Choque entre generales de EE UU

Los jefes militares de EE UU discreparon desde el primer día de la guerra sobre la capacidad de resistencia de las tropas de Sadam Husein y el modo de hacer frente a ella. En esta segunda entrega sobre el tercer aniversario de la invasión de Irak, The New York Times revela las prisas de Washington por tomar Bagdad, a pesar de las advertencias de sus mandos sobre el terreno.

Apenas había transcurrido una semana del inicio de la guerra de Irak cuando el general Tommy Franks, responsable militar del diseño de la invasión, amenazó con destituir al comandante de operaciones en Irak. Desde los primeros días, en marzo de 2003, las fuerzas estadounidenses se habían enfrentado a una feroz resistencia de unos combatientes paramilitares llamados los fedayin de Sadam. El general William Wallace, al frente del V Cuerpo que se dirigía a Bagdad, había declarado a dos periodistas que lo acompañaban que era necesario retrasar el avance hacia la capital iraquí para suprimir la amenaza fedayin en retaguardia.

Poco después, Franks telefoneó al general David McKiernan, comandante de las fuerzas terrestres aliadas, para advertirle del posible relevo de Wallace. Su despido se evitó después de que McKiernan cogiera un avión para reunirse con Franks y lograra convencerle de que una decisión así sería perjudicial. Pero el episodio puso de manifiesto la existencia de profundos desacuerdos en el seno del alto mando de Estados Unidos sobre la amenaza militar iraquí y las medidas necesarias para derrotarla.
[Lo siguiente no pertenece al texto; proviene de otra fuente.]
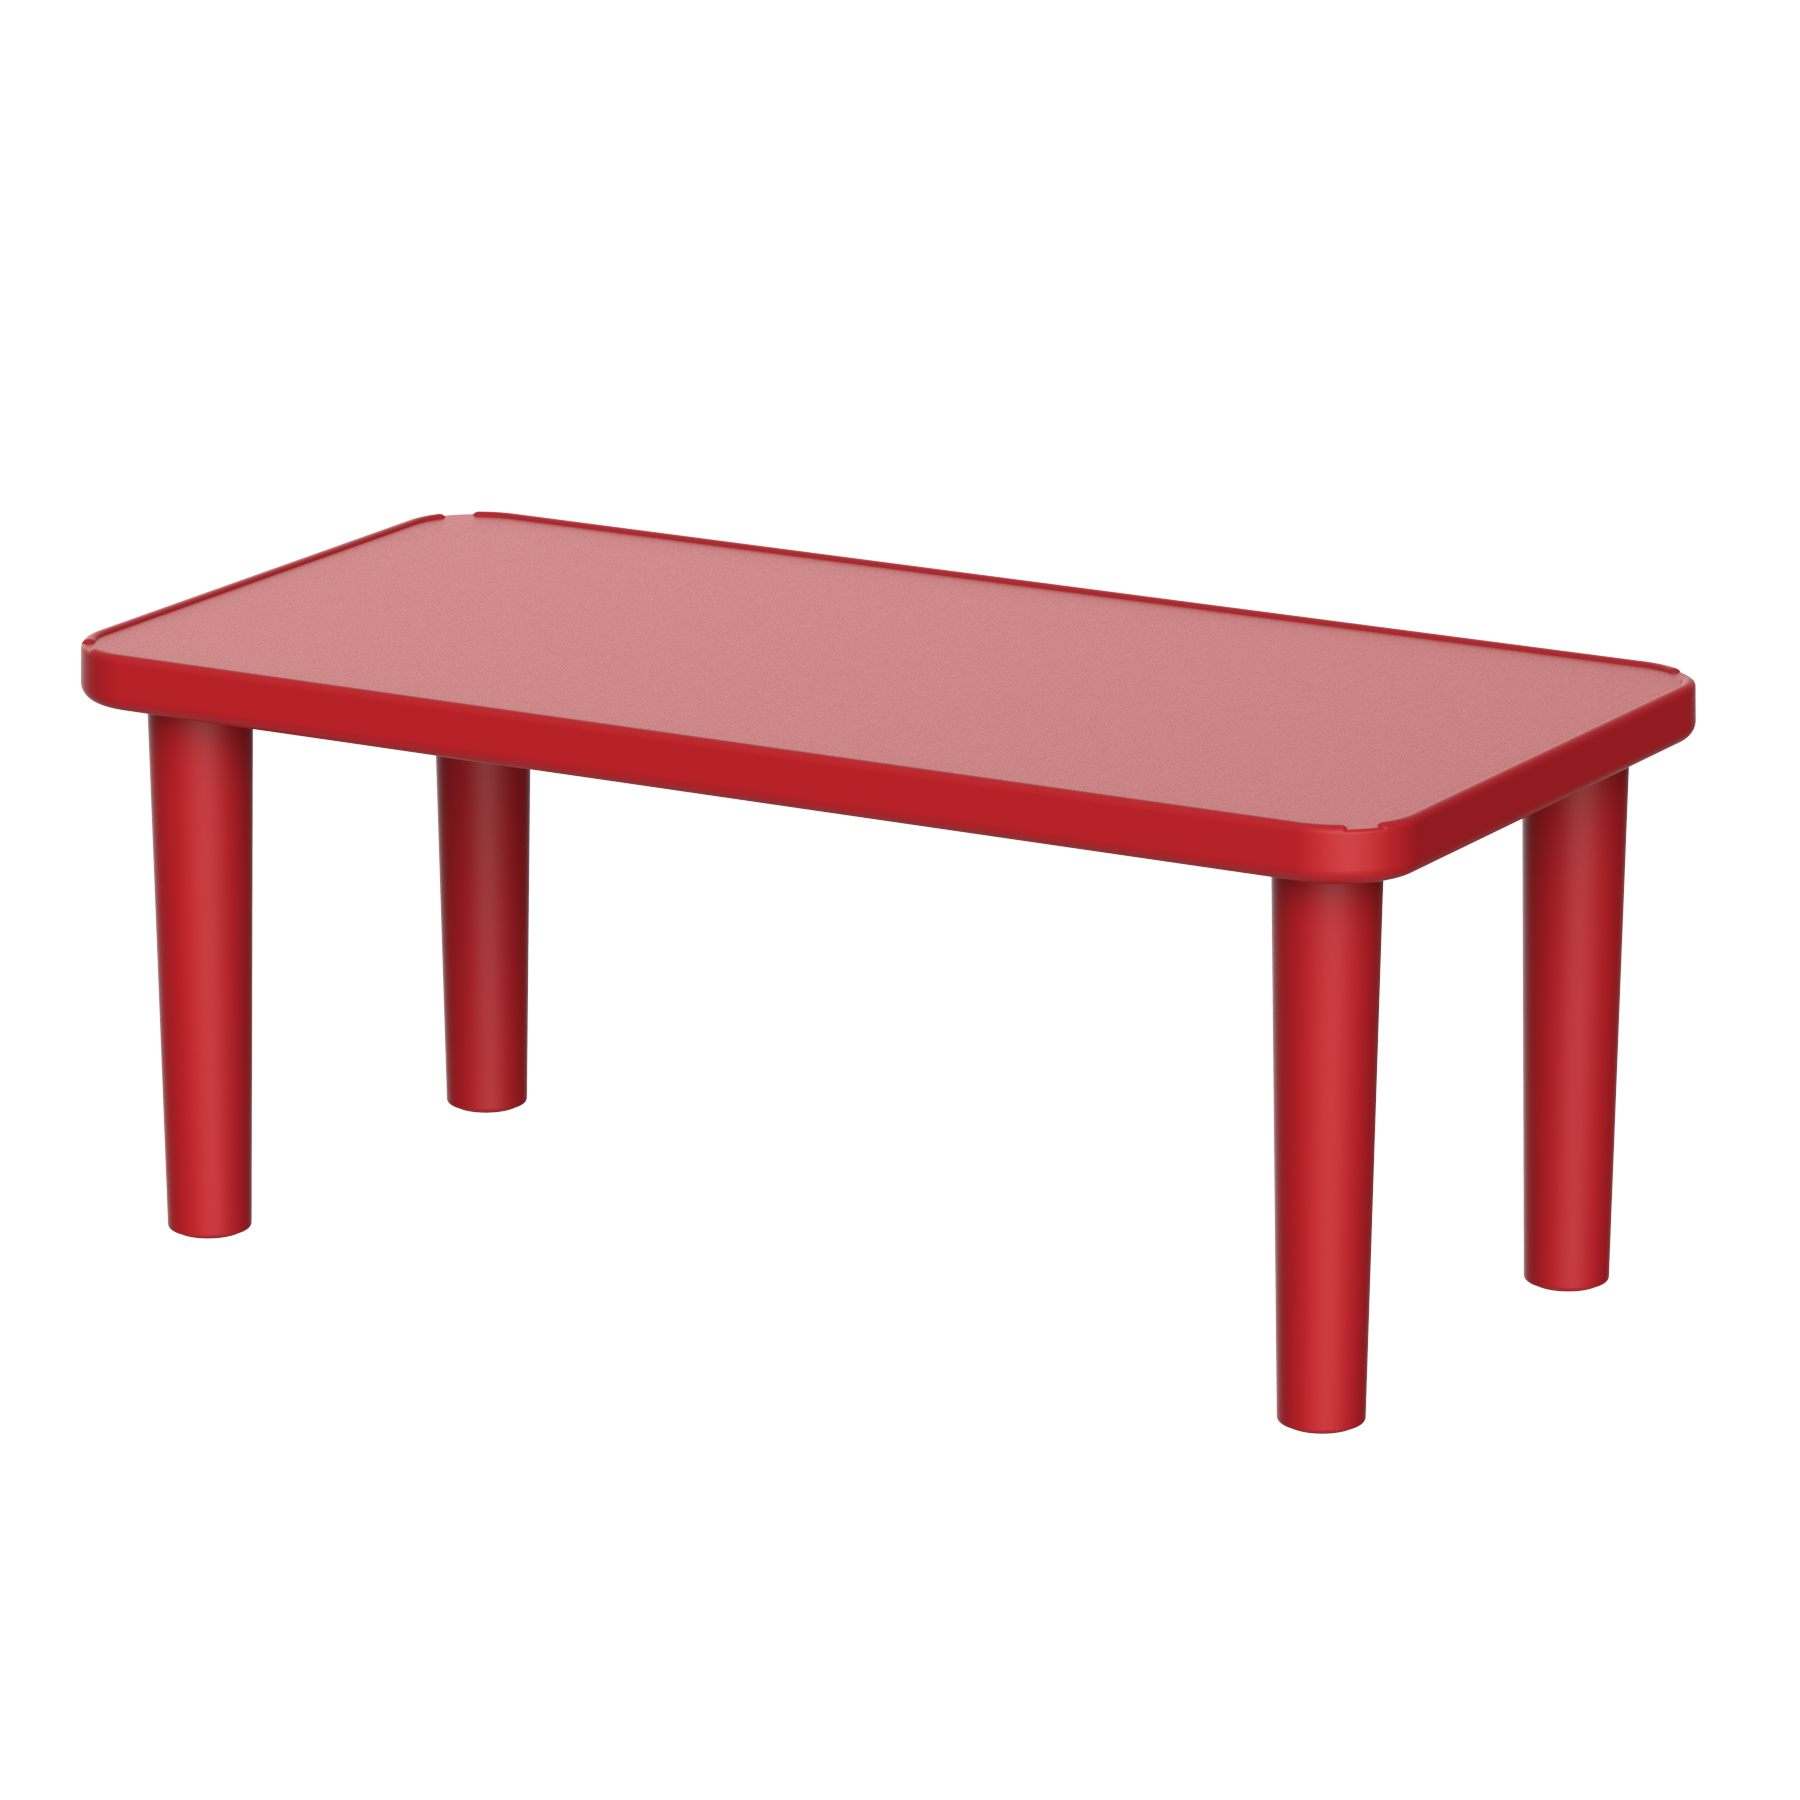 Duramax Kindergarten Table Duramax Kindergarten Table - Rectangle Red

No se esperaba una resistencia férrea hasta que los soldados se acercaran a Bagdad

El general Franks recurrió a Ahmad Chalabi para dar un rostro iraquí a la guerra

Aunque muchos oficiales en el terreno consideraban que los fedayin eran un enemigo peligroso, el general Franks y el secretario de Defensa, Donald Rumsfeld, no compartían esa visión y los consideraban como un asunto menor en la senda hacia Bagdad. Tres años después, Irak no ha sido sometido todavía. Hasta ahora no se ha sabido cómo se tomaron algunas de las decisiones cruciales y el debate que estas decisiones generaron entre bastidores. Esta información sobre la toma de decisiones en el seno del mando militar estadounidense se basa en entrevistas con docenas de oficiales del estamento militar y funcionarios del Gobierno durante los dos últimos años. Algunos pidieron que se respetara su anonimato.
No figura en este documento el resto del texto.